Потом разнеслась новая весть: вдова Пухерная, которая после смерти мужа успешно вела торговлю, продает дом вместе с лавкой. Мол, торговля стала убыточная и она, Пухерная, на краю разорения. А кроме того, ее сын собирается жениться и хочет, чтобы мамаша вела у него домашнее хозяйство. Он служит в Вене, произведен в обер-лейтенанты.
И вот вдова Пухерная «смотала удочки», как выразился Чешпиво, уехала к сыну.
— Ну и черт с ней, — сказал Хлум, поднимая опаленные брови. — Наши деньги тогда никто не украл, она сама их утаила, — продолжал он, обращаясь к жене. Глаза его светились серым блеском зимнего неба.
Двухэтажный дом вдовы Пухерной, формально принадлежавший ее сыну, офицеру, и почти не требовавший ремонта, купил, через подставное лицо, торговец зерном Глюк.

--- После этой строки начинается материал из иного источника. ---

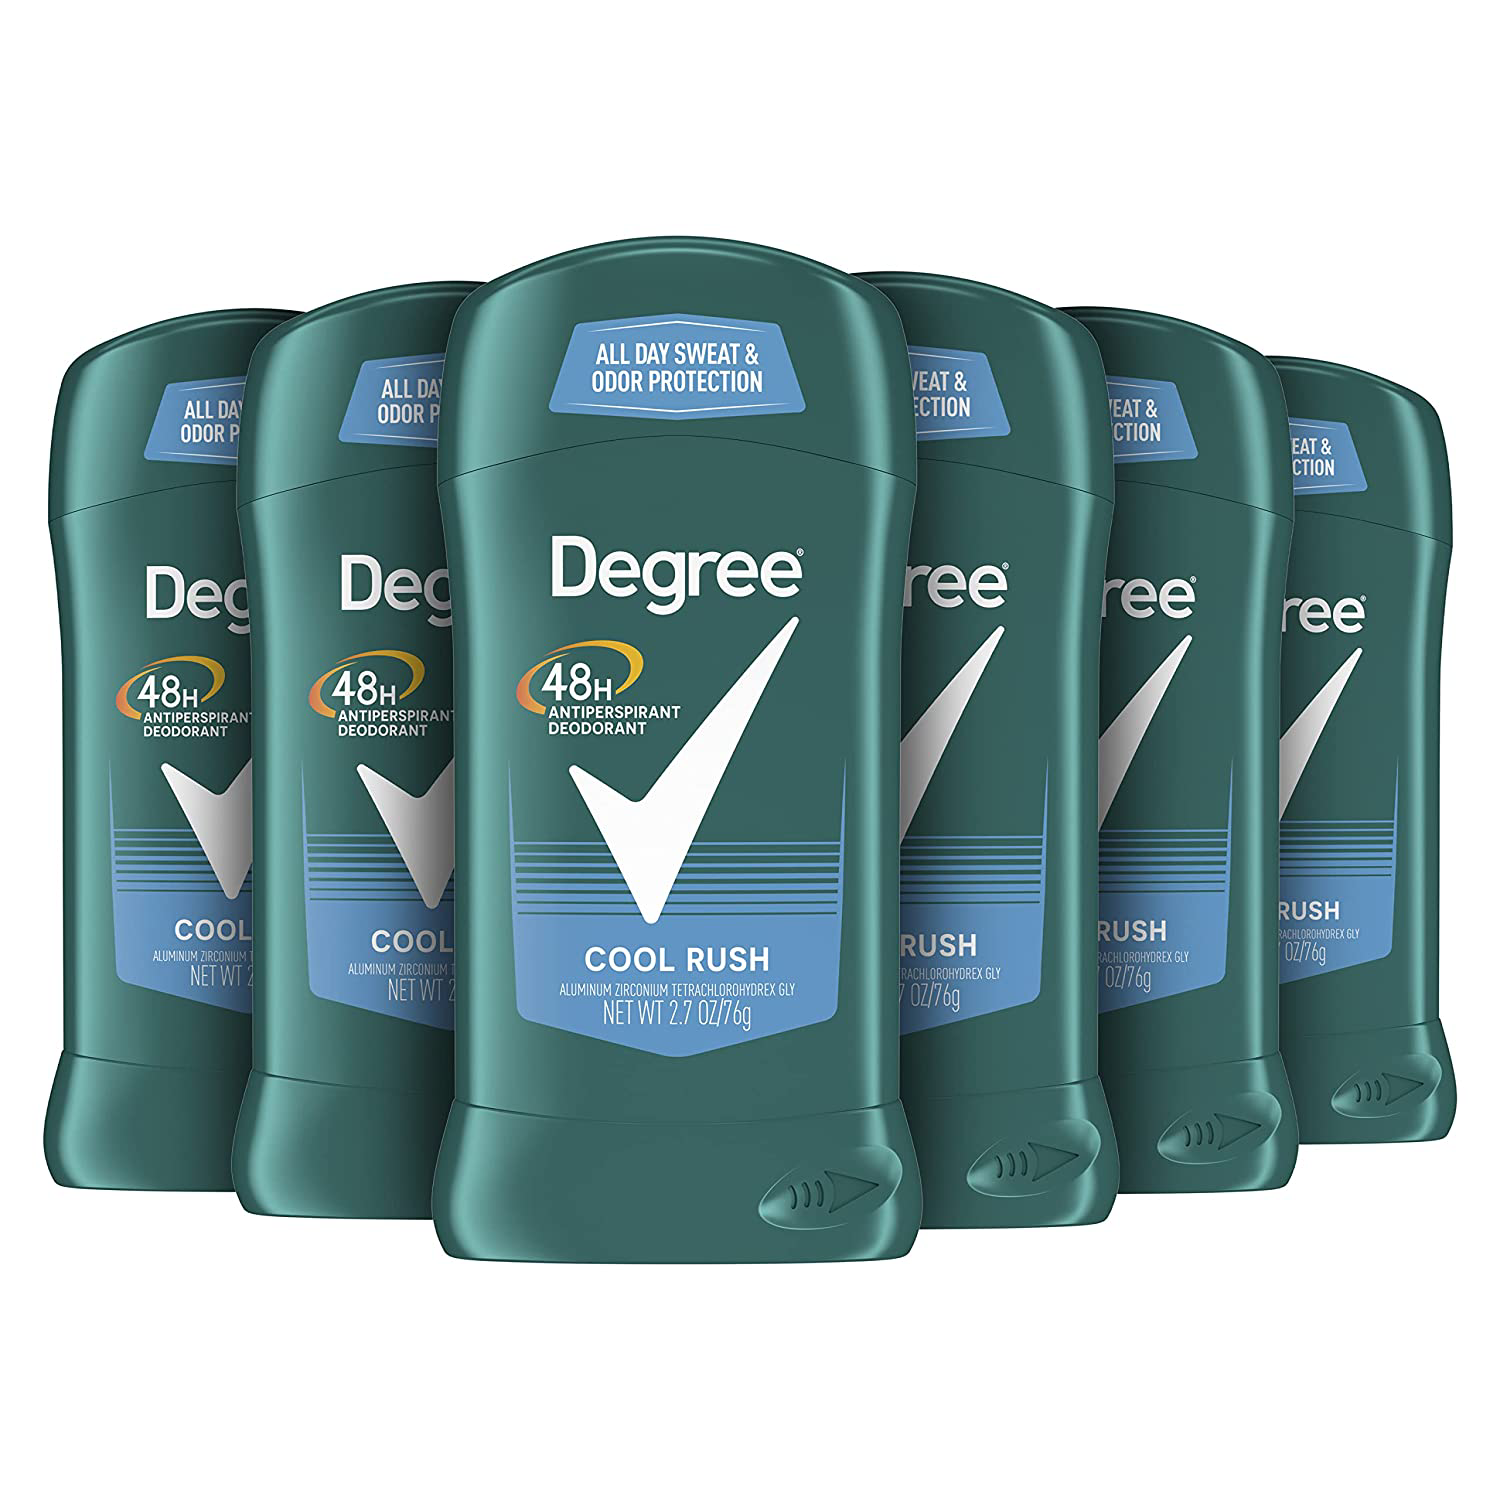 Degree Men Original Antiperspirant Deodorant 48-Hour Odor Protection Cool Rush Mens Deodorant Stick 2.7 oz, 6 Count $13.15 or less with S&S

Большой интерес к этому дому проявили многие раньковчане, особенно те, у кого было плохое жилье, но купить его им было не по средствам.
В этой связи говорили также о том, что владельцем двухэтажного дома в Подгразской улице, где до самой смерти снимал квартиру доктор Штястный, стал... кто бы вы думали? Доктор Максимилиан Седмик!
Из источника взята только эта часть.